Squirrel Girl or Ms. Marvel

  1. Read a book published between 1900 and 1950.
  1. Read a travel memoir.
  1. Read a book you’ve read before.
  1. Read a book that is set within 100 miles of your location.
  1. Read a book that is set more than 5000 miles from your location.

Night in Shanghai by Nicole Mones (could also count for #14 and #24)

  1. Read a fantasy novel.

I will read The Obelisk Gate by NK Jemisin this year. I have been putting it off because it seemed too heavy to pair with new parenthood (you’ll understand if you’ve read the first book in the series, The Fifth Season, which was phenomenal but so, so emotionally wrenching).

  1. Read a nonfiction book about technology.

The Grid by Gretchen Bakke

  1. Read a book about war.

Night in Shanghai by Nicole Mones would count here, and I’ll probably double-count this one because war novels feel a bit painful right now.

  1. Read a YA or middle grade novel by an author who identifies as LGBTQ+.
  1. Read a book that has been banned or frequently challenged in your country.

Was thinking of Perks of Being a Wallflower

  1. Read a classic by an author of color.

Maybe Octavia Butler here?

  1. Read a superhero comic with a female lead.

Squirrel Girl or Ms.
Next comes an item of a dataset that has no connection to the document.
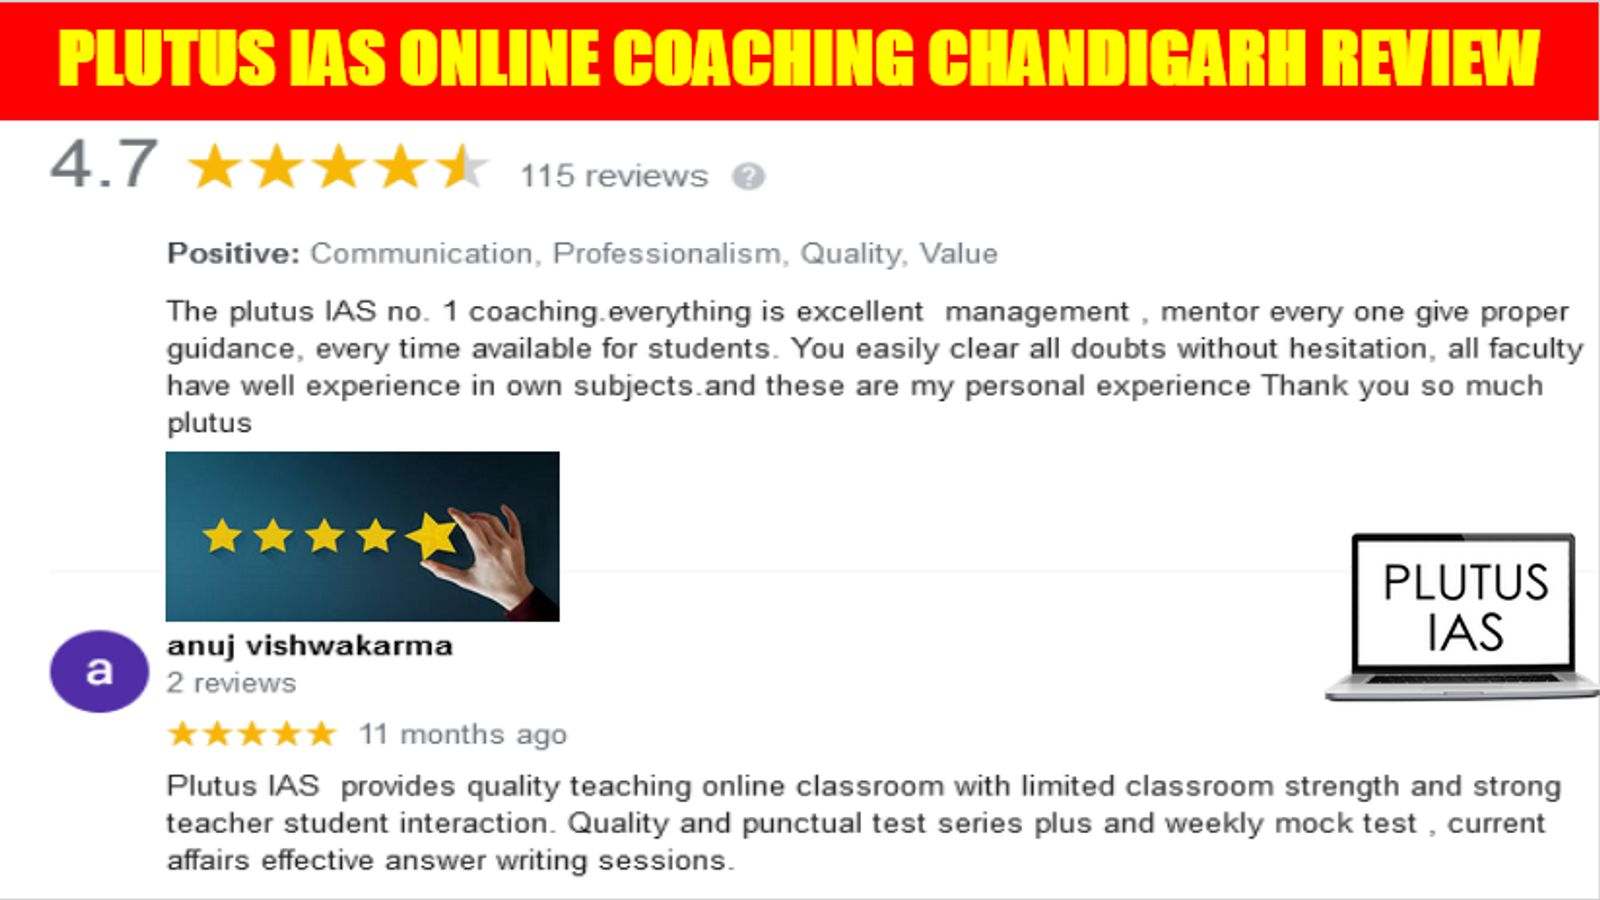 Plutus IAS Online Coaching Chandigarh Review

Marvel

  1. Read a book in which a character of color goes on a spiritual journey.

Ooof, this is going to be tough. Spiritual journey stories are not my thing. Any ideas?

  1. Read an LGBTQ+ romance novel.

Hold Me by Courtney Milan

  1. Read a book published by a micropress. 
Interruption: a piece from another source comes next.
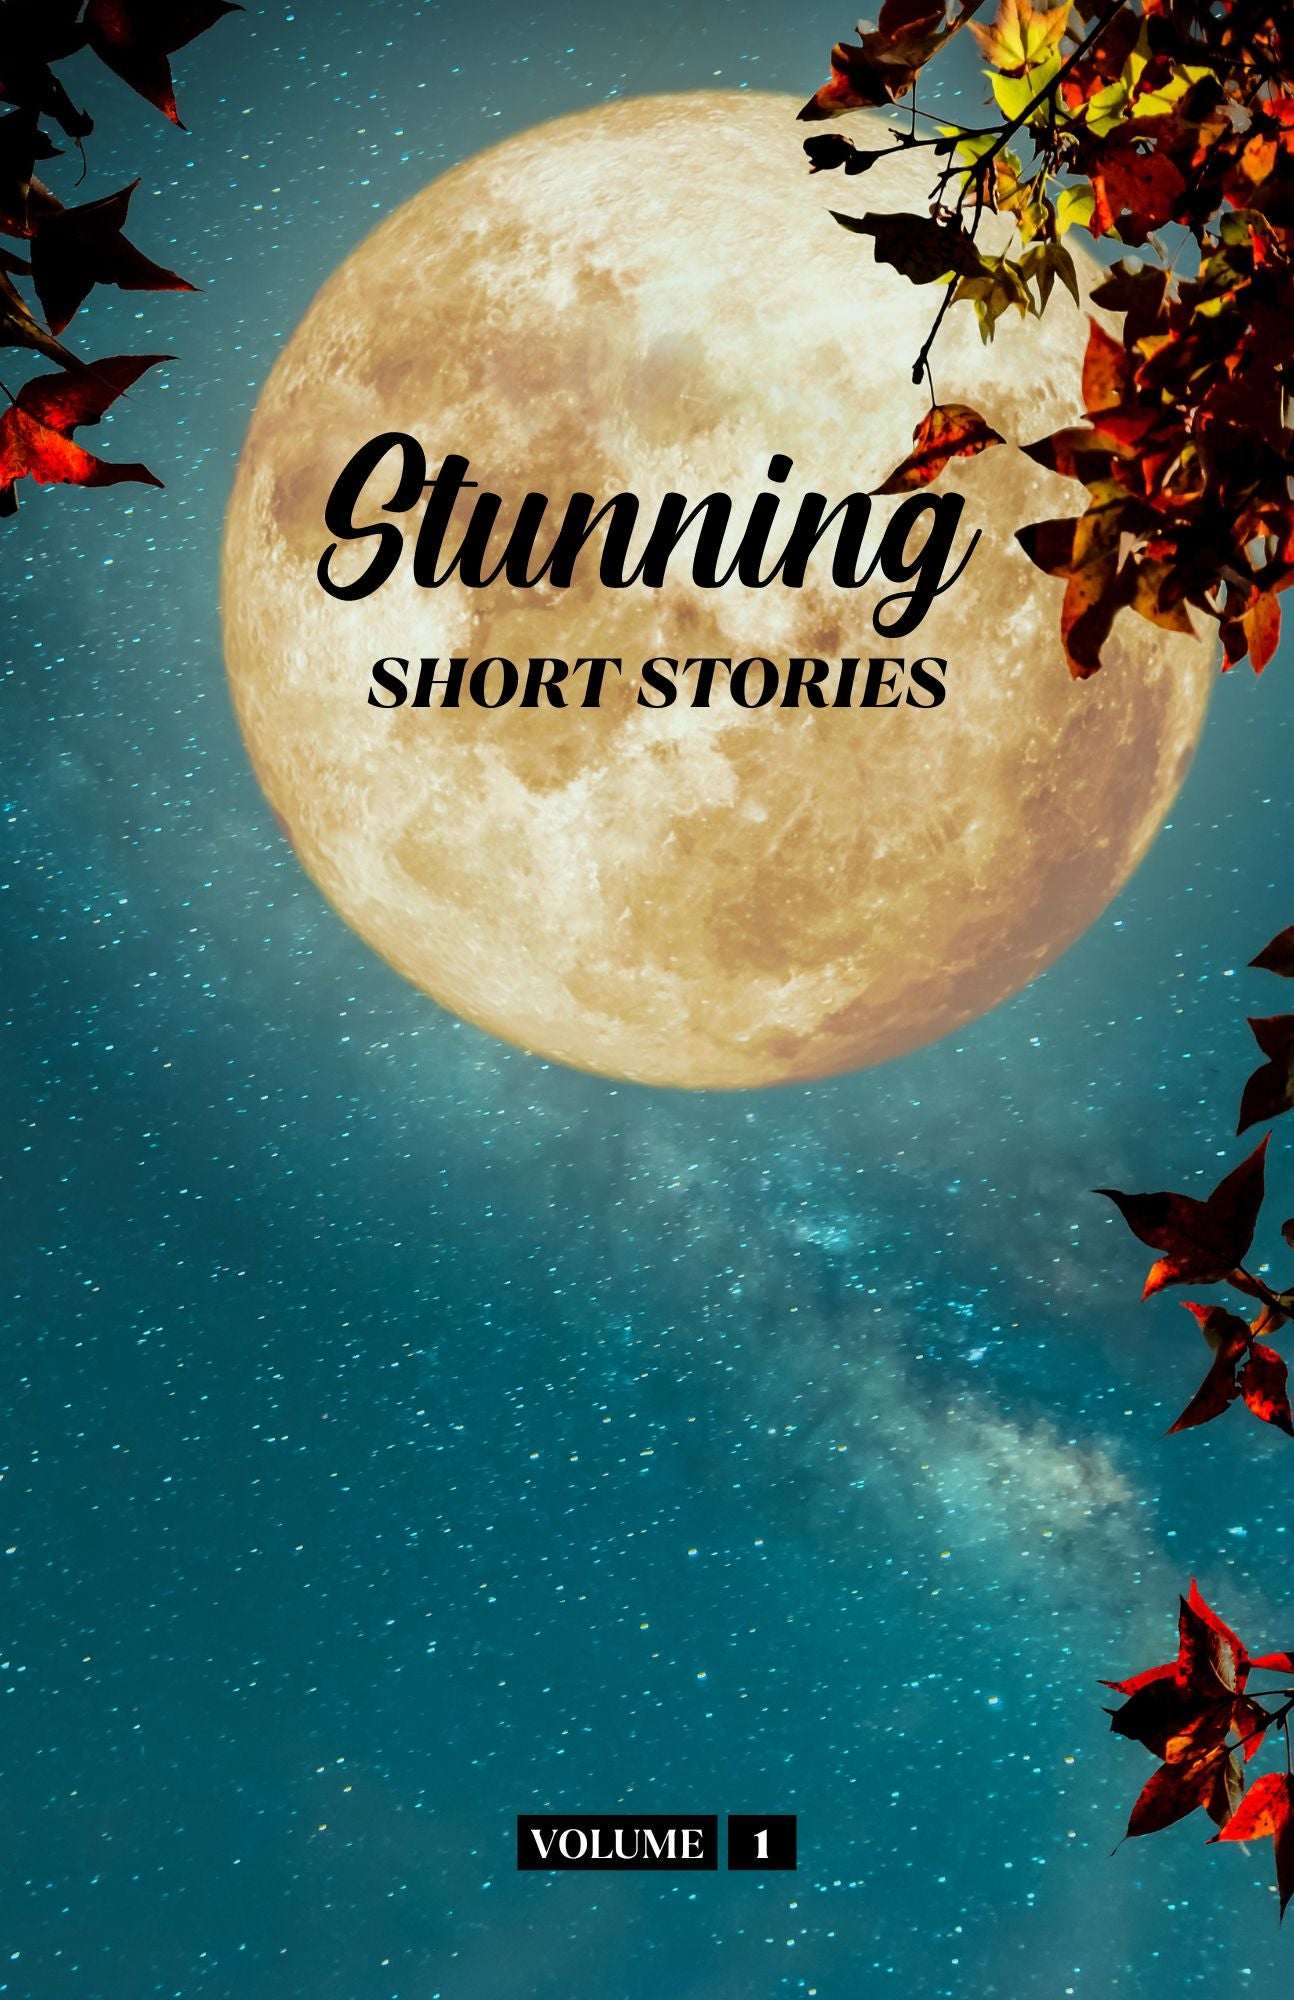 Stunning Short Stories Volume 1 (Physical Book)

A micropress prints under 500 books per printing. Yikes. Ideas?

  1. Read a collection of stories by a woman. 

This seems like the perfect time to read that Alice Munro collection that’s been gathering dust on my shelves …

  1. Read a collection of poetry in translation on a theme other than love. 
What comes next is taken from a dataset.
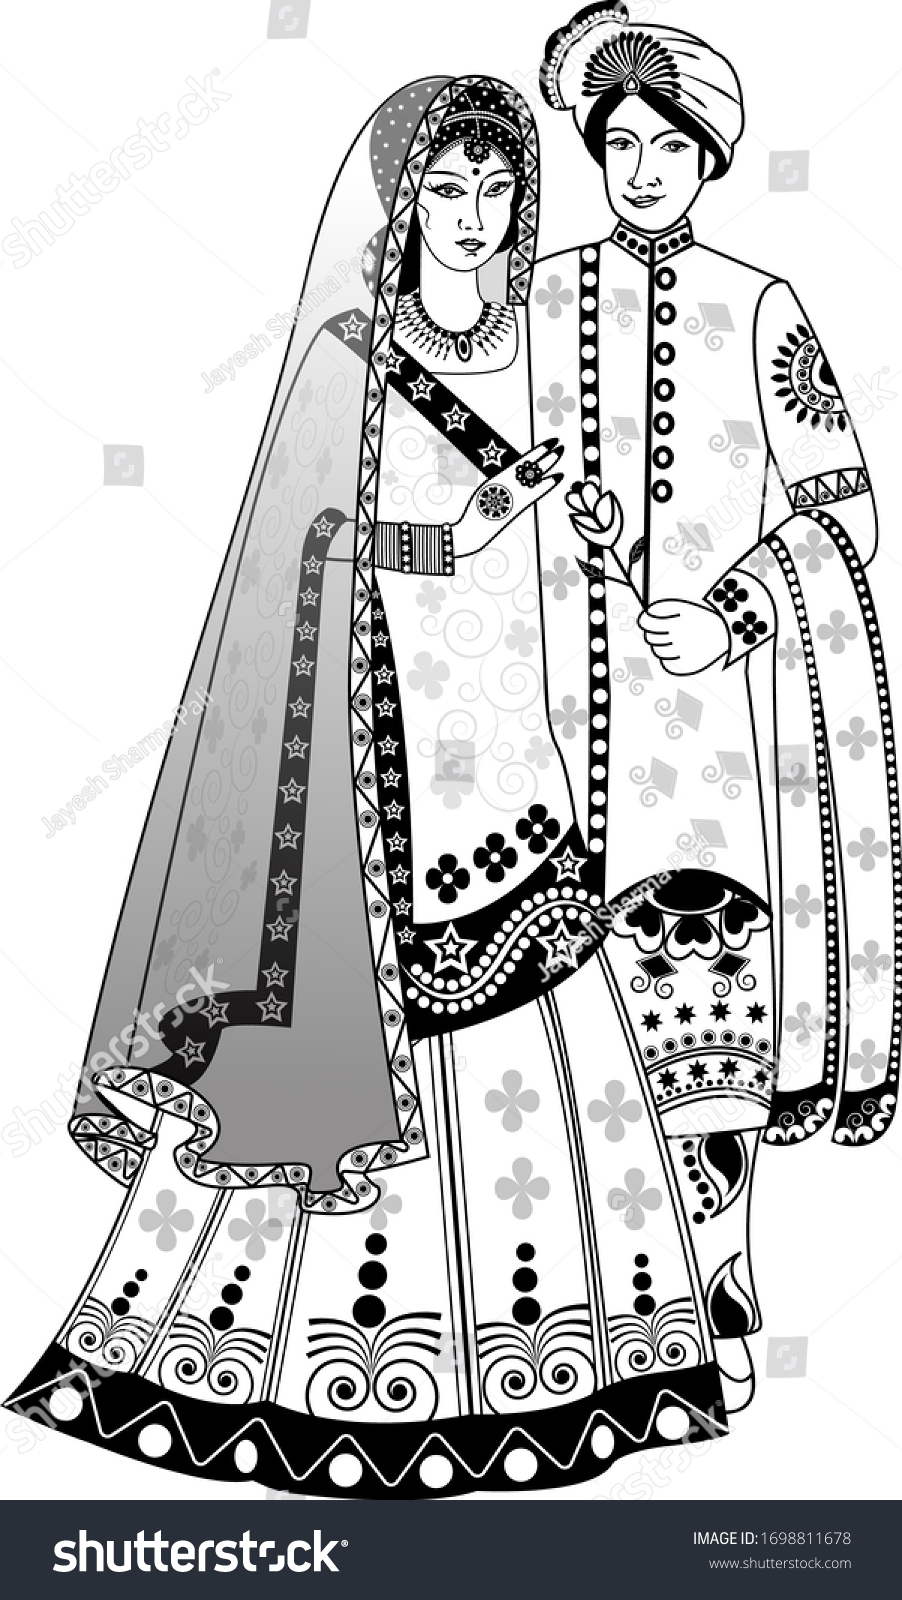 indian bride and groom drawing images - blueandorangeartwork

I’m thinking of trying classical Chinese poetry, maybe The Selected Poems of Li Po.

  1. Read a book wherein all point-of-view characters are people of color.

Hold Me and Night in Shanghai would both count for this category, and I think Obelisk Gate would too, but I welcome other ideas!


* Short-form review of Magic Binds: It was OK, but definitely not my favorite Daniels book. It felt like it was mostly moving pieces into place for the final books in the series.


7 comments on “Read Harder 2017

  1. 19. Totally agree. What about a person of color going on a journey of self-discovery? I’m a huge fan of Lauret Savoy’s “Trace.”
    21. Do you read poetry?

    Also, thank god you’re back! I just finished “Invisible Library” by Genevieve Cogman, and it was amazing. Feminist, well written, bibliophilic, dragons, etc.

  2. 19. Yes!! They steal books from alternate worlds to go into the Library. Tell me you’re not fascinated.

    21. So you like form (meter and rhyme). What about Sandburg do you like? Is it nature? A sense of place? (I only remember a bit about Sandburg, so don’t mind me if I’m way off base.) Also I’m a book yenta and a poetry yenta.

    • I like the sense of place in Sandburg, and the way a lot of his poems focus on family and love. I also like the mixing of mundane and more high-minded imagery. Here’s one of my favorite passages, from his poem “Honey and Salt”:

      Is the key to love in passion, knowledge, affection?
      All three—along with moonlight, roses, groceries,
      givings and forgivings, gettings and forgettings,
      keepsakes and room rent,
      pearls of memory along with ham and eggs.

  3. 21. My bookseller spidey sense just said Naomi Shihab Nye. She writes a lot about family, but also politics. Agha Shahid Ali wrote beautifully about family (in particular his mother) and just was an amazing poet (word on the street was that he was an amazing person too). Maybe Jane Hirscfield or Maxine Kumin.